Was wondering if anyone got picked for the hunt ? I got my letter today and was picked to hunt it.........................Rich


----------



## billk (Feb 2, 2008)

Didn't even know they had one or heard a single word about it.


----------



## RichsFishin (Nov 4, 2007)

Yeah its been going on for i think 4 or 5 years now. They have it at Hiddon Hollow in Lodi or Allardale in Hinckley. Gun season only and does only. I got picked 2 years ago and got chosen for Hiddon Hollow and had a buck 30 yards from me and couldn't shoot it but did see 13 does that day but all were running so no shot................................Rich


----------



## Sharp Charge (Jun 24, 2009)

I've never heard of this either. Where can we get info for next year?


----------



## RichsFishin (Nov 4, 2007)

Call Medina County Park District at 330-722 9364................Rich


----------



## Sharp Charge (Jun 24, 2009)

Thanks for the intel.


----------



## Lil' Rob (Apr 11, 2004)

Nothing in the mail for me yesterday...hopefully today.

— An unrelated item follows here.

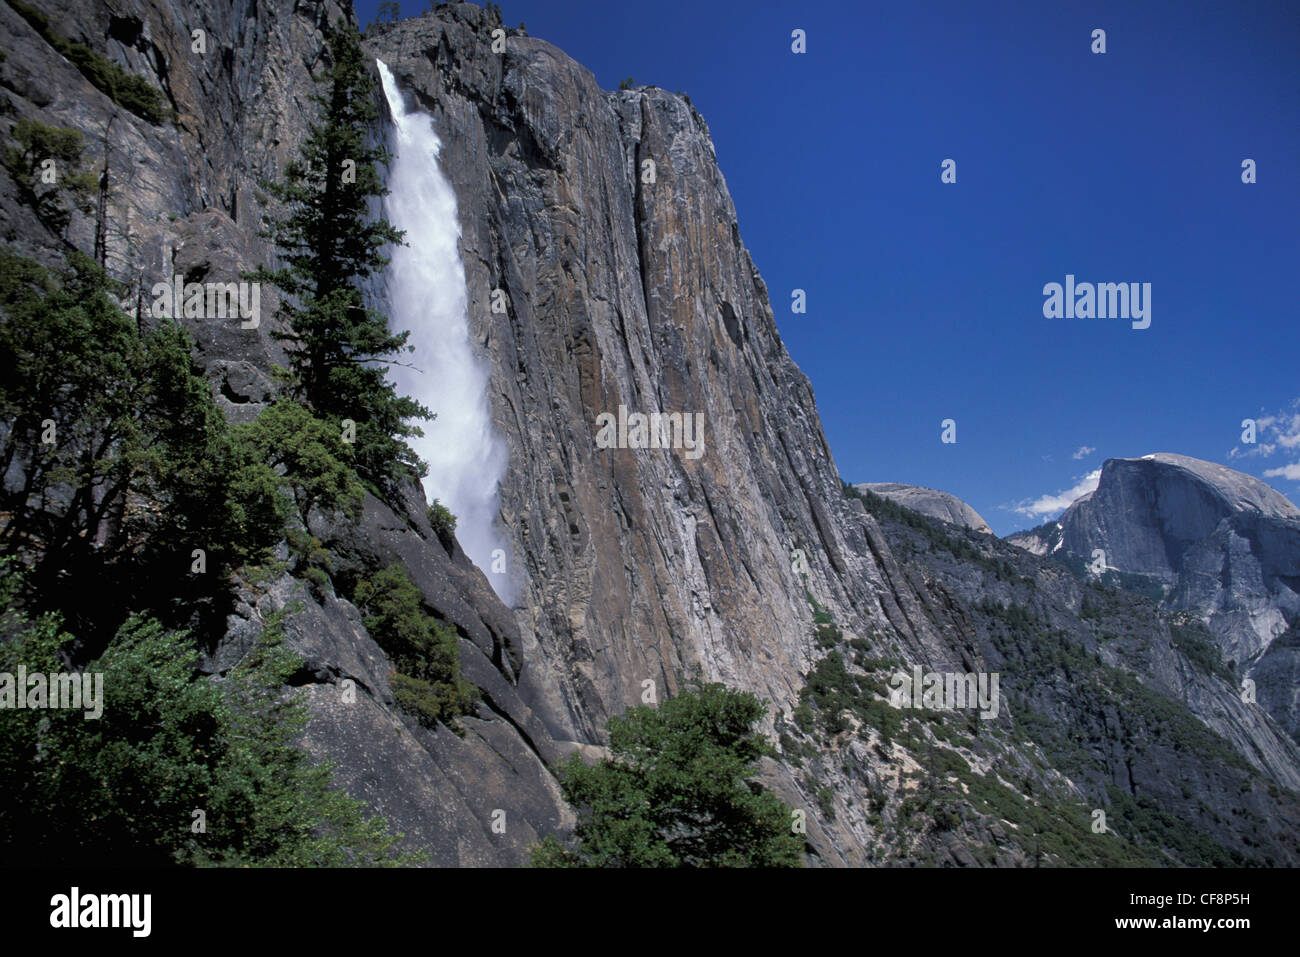 Il parco nazionale di Yosemite Falls, Half Dome, Yosemite, N.P., California, Stati Uniti d'America, Stati Uniti, America, Cascata, Cliff, Half Dome, Sierra Nevada, Foto Stock

I had the same thing happen a couple of years ago on this hunt...Allerdale...first thing in the morning had a small basket 8 pointer come through...he got so close...less than 10 yards...it made me sick...saw some does later in the morning, but they were either too far away or on the move spooked from the adjacent zone.


----------



## RichsFishin (Nov 4, 2007)

Actually if I remember right you are the one that posted it a couple of years ago and thats how I found out about the controlled hunts.....Thanks.........Rob...............Take Care ............Rich


----------



## Lil' Rob (Apr 11, 2004)

RichsFishin said:


> Actually if I remember right you are the one that posted it a couple of years ago and thats how I found out about the controlled hunts.....Thanks.........Rob...............Take Care ............Rich


Probably a good chance of that...my son and I stopped by your place one day back then...can't remember why right now.


----------



## RichsFishin (Nov 4, 2007)

Think you just picked up your son from day care and you were in the neighbor hood and knew I am friends with Chippewa so you stopped out to introduce your self and we were going to start practicing shooting bows together. I remember like it was yesterday. The sun was out , birds were chirping, ETC ETC..................LOL................LOL.................Take Care Buddy...............Rich


----------



## Lil' Rob (Apr 11, 2004)

Good memory...sounds about right.


----------